Classic indicators are called classical indicators because their relevance is not lost so far. Despite the fact that they were developed 30-50-70 years ago, their formula is quite adaptable to existing trends. This strategy is based on two CCI indicators and one RSI, therefore it is called triple confirmation. It is perfect primarily for those who discovered MT4 just a few days ago – the strategy clearly shows how indicators work and how they correlate with each other.
Currency pair – EUR / USD. Timeframe – H1. CCI periods – 55 and 34, RSI period – 26, levels – 30, 50, 70.
Conditions for opening a long position:
- CCI (55) crosses level 0 from bottom to top. It is considered the main signal.
- CCI (34) crosses level 0 from bottom to top. Additional signal.
- RSI crosses level 50 from bottom to top.
On the next candle, open a deal. We set stop loss at our discretion, for example, at a local minimum, retreating from it 5 points down. We close the deal when one of the CCI reaches level 200 or when the RSI reaches level 70.
The upper graph is CCI (55), the middle is CCI (34), and the lower is RSI. Ideally, all conditions for the 3 indicators should coincide simultaneously within the same candle. In this case, they are a little late relative to each other, the candle on which the entrance is made is indicated by an arrow. The lower horizontal red line is the stop loss, the upper is the approximate level of deal closure in accordance with the recommendations above.
With the exit conditions, there may be nuances that depend on the current volatility. You can experiment here; the most important thing is not to be greedy. It’s better to close the deal sooner than miss the moment when the trend changes direction.
Conditions for opening a short position:
- CCI (55) crosses level 0 from top to bottom. It is considered the main signal.
- CCI (34) crosses level 0 from top to bottom. Additional signal.
- RSI crosses level 50 from top to bottom.
The entrance to the market is similar. We exit when reaching the CCI level of -200 or the RSI crosses the 30th level.

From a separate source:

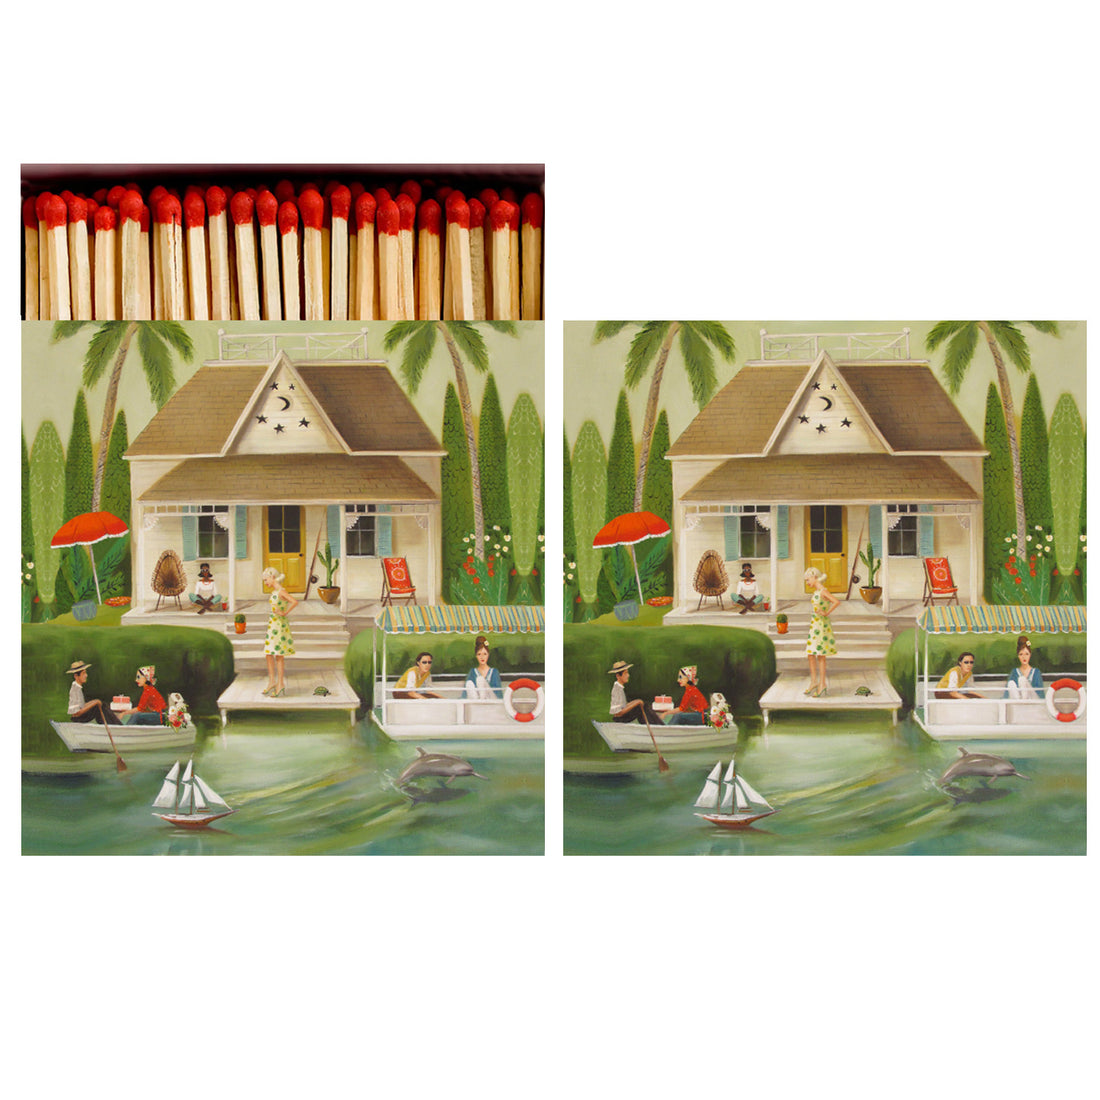 Two identical sides of a square match box, the left of which is open slightly to reveal the matches inside. The artwork on the box depicts a lake-side home with the water in the foreground and trees in the background, where several people enjoy themselves in the scene.

It is also seen here that the simultaneous coincidence of all conditions did not occur, but a discrepancy in one candle is permissible. A deal could have been opened earlier on a candle, but in accordance with the terms of the strategy, minimizing risks, it would be worth waiting for the candle, which is marked by an arrow. A stop order (upper red horizontal line) is placed on a strong resistance level. The strategy allows you to take a relatively small profit, but the signals are relatively frequent. The difficulty is to visually see the simultaneous intersection of level indicators. There can be no discrepancies with entering the market, while difficulties may arise with the moment the transaction is closed. If none of the proposed conditions is fulfilled for a long time, it makes sense or not to wait, closing the deal ahead of schedule, or evaluate the market using other methods.